Supplied data:
%%

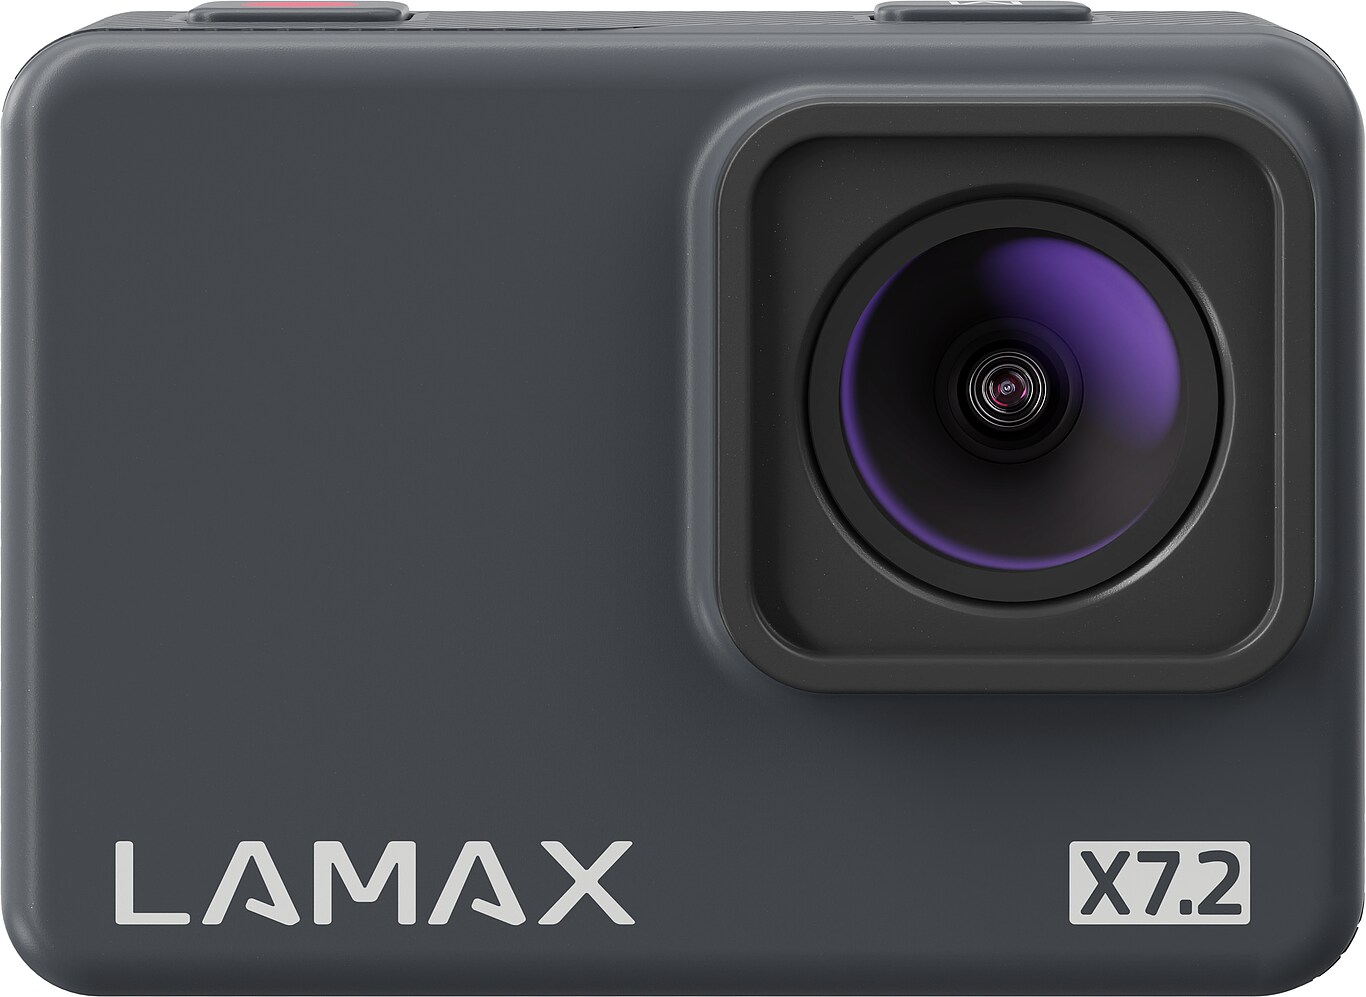 LAMAX X7.2 - Share your world in 4K
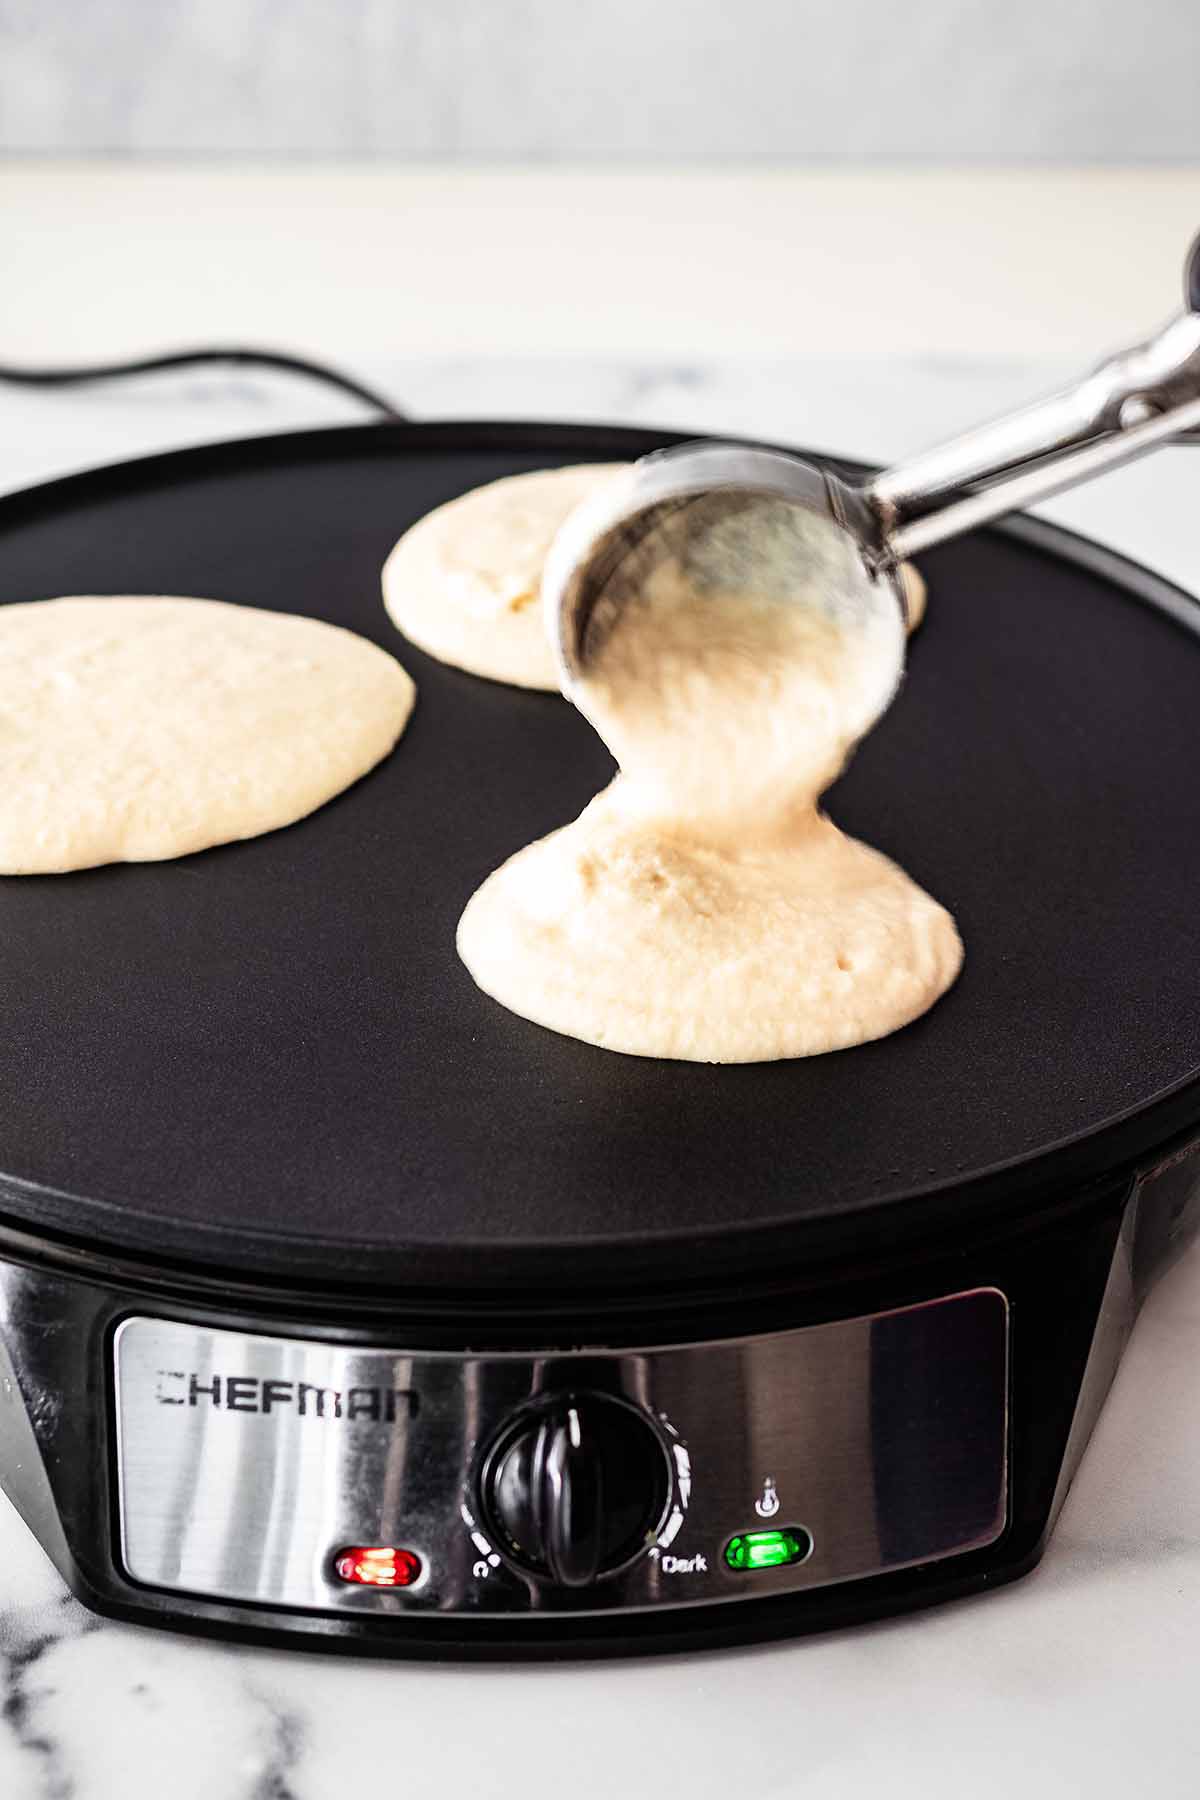 Pancake batter being ladled onto a griddle with an ice cream scoop.
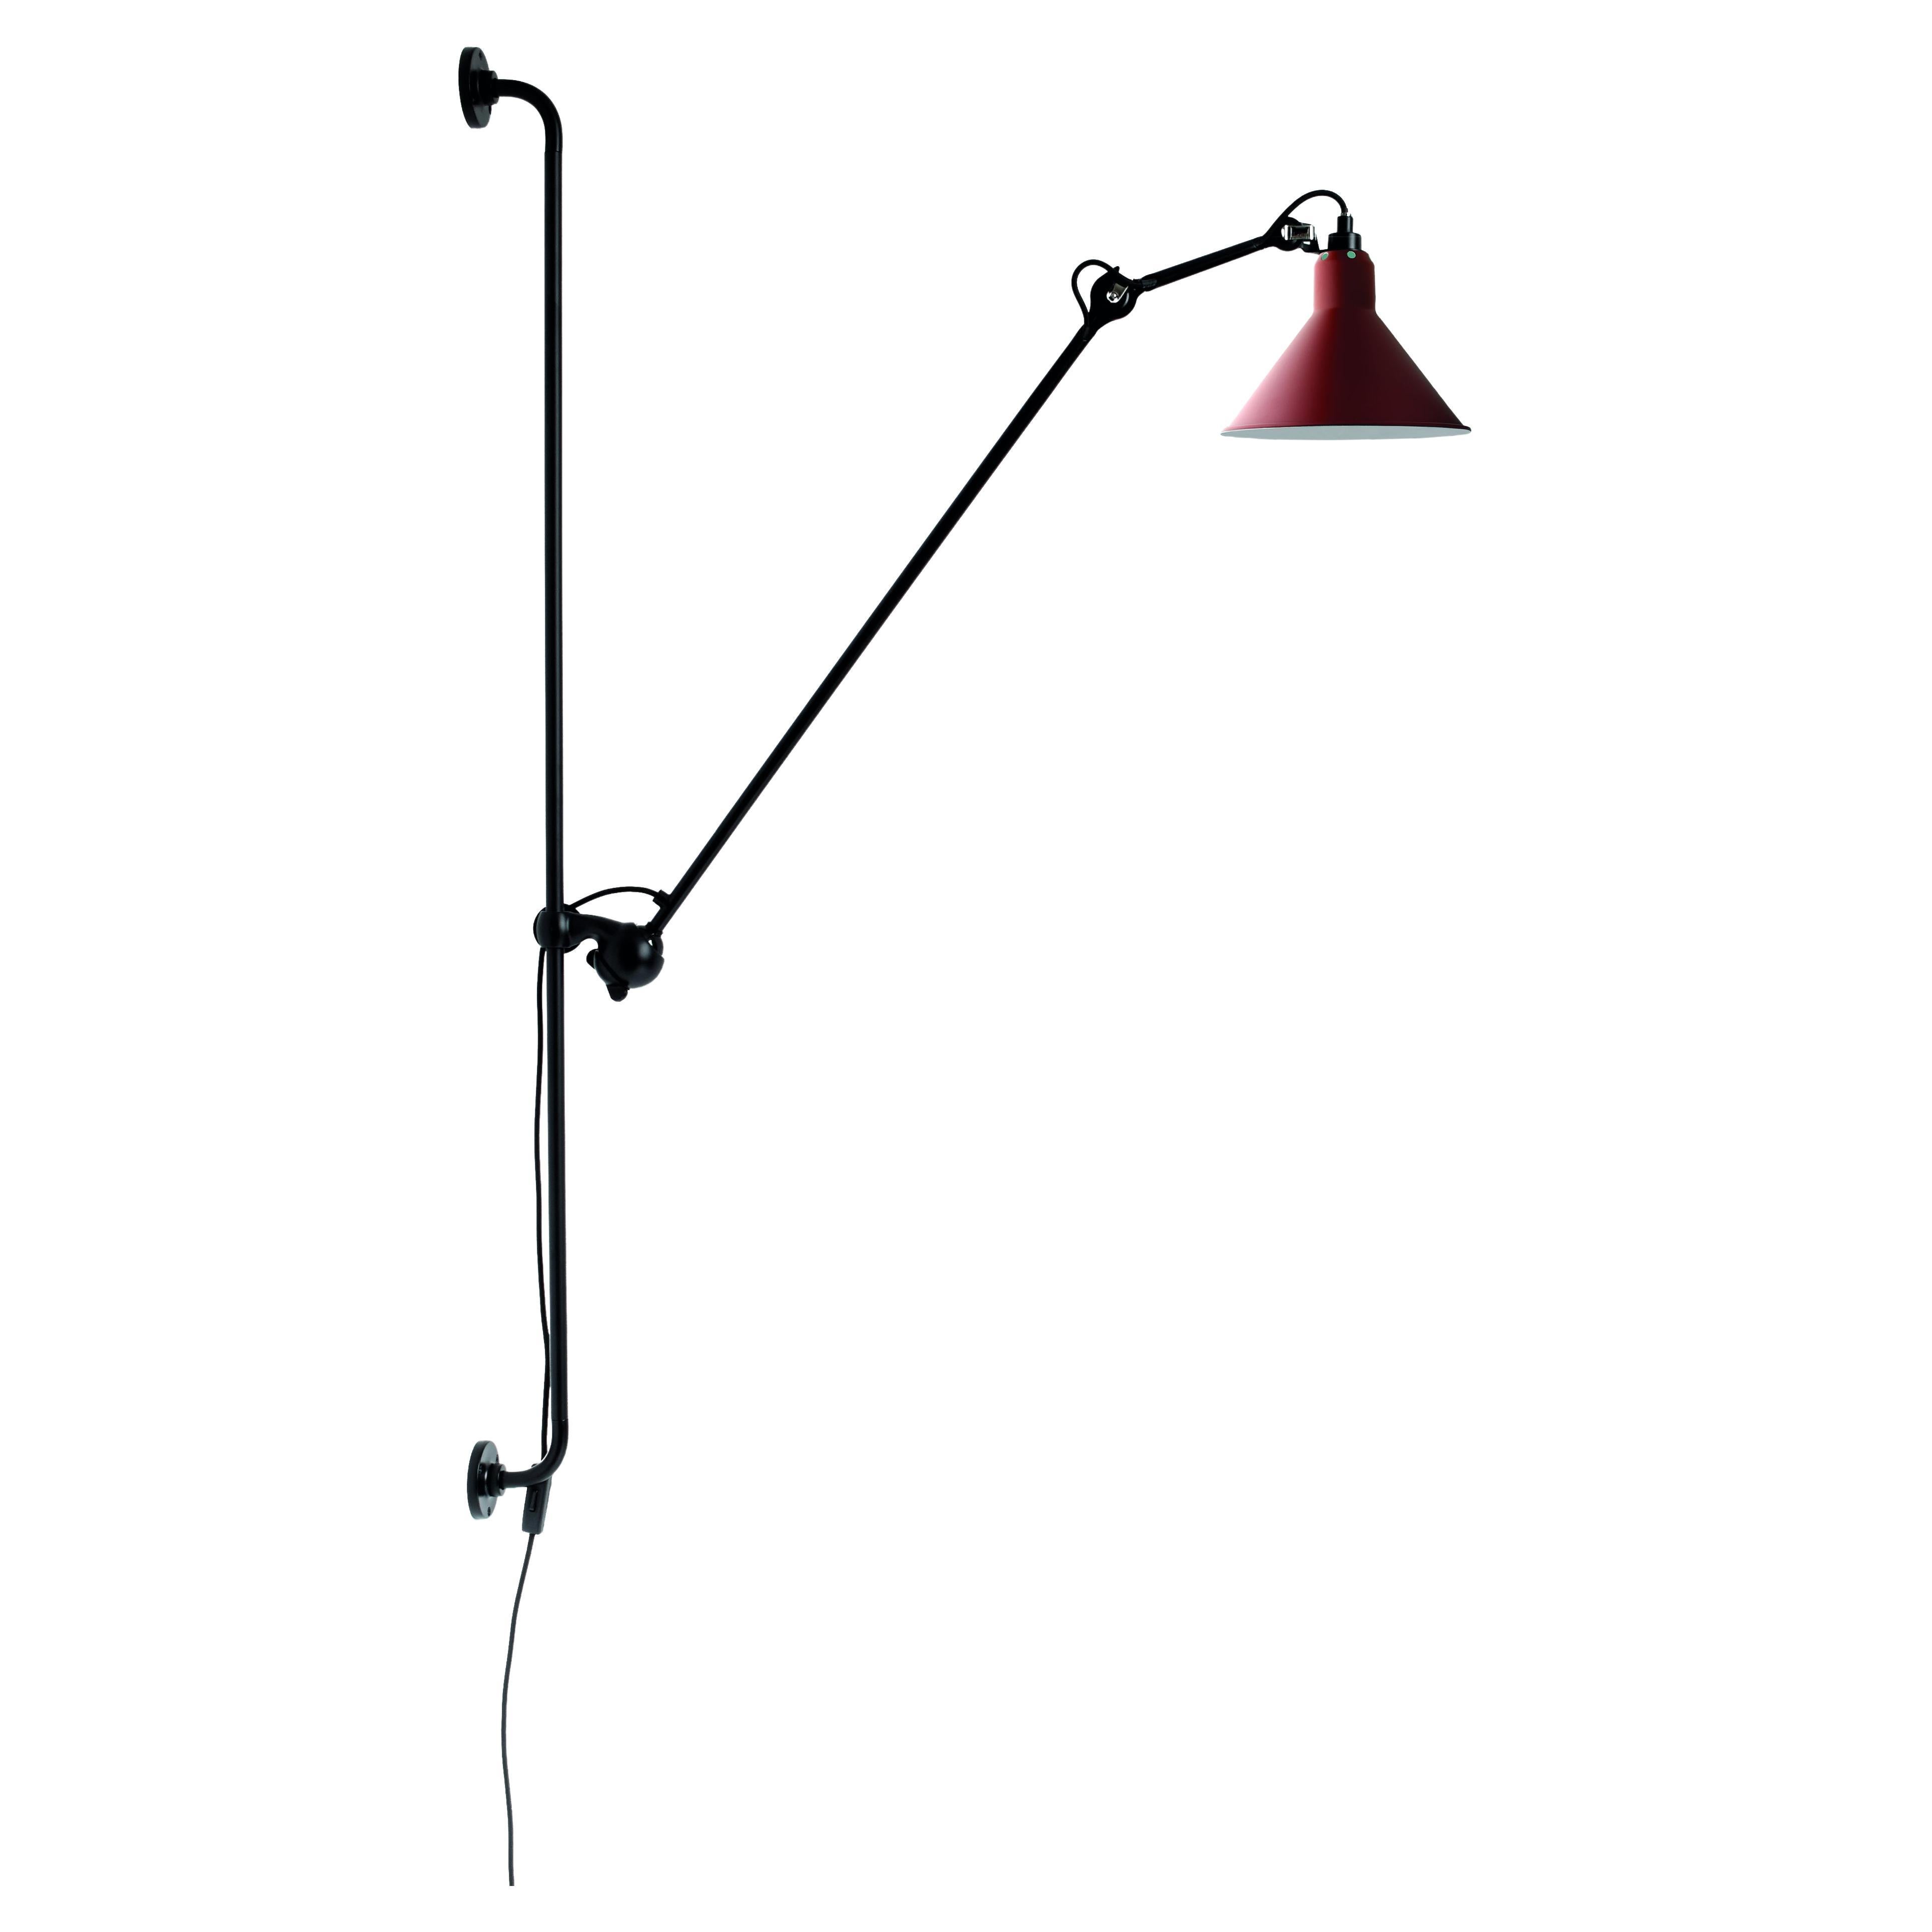 DCW Editions La Lampe Gras N°214 Conic Wall Lamp in Black Arm & Red Shade For Sale

%%

Problem to solve: Copy the listing above verbatim; the pictures it contains are to stay out.

Expected answer:
 LAMAX X7.2 - Share your world in 4K
 Pancake batter being ladled onto a griddle with an ice cream scoop.
 DCW Editions La Lampe Gras N°214 Conic Wall Lamp in Black Arm & Red Shade For Sale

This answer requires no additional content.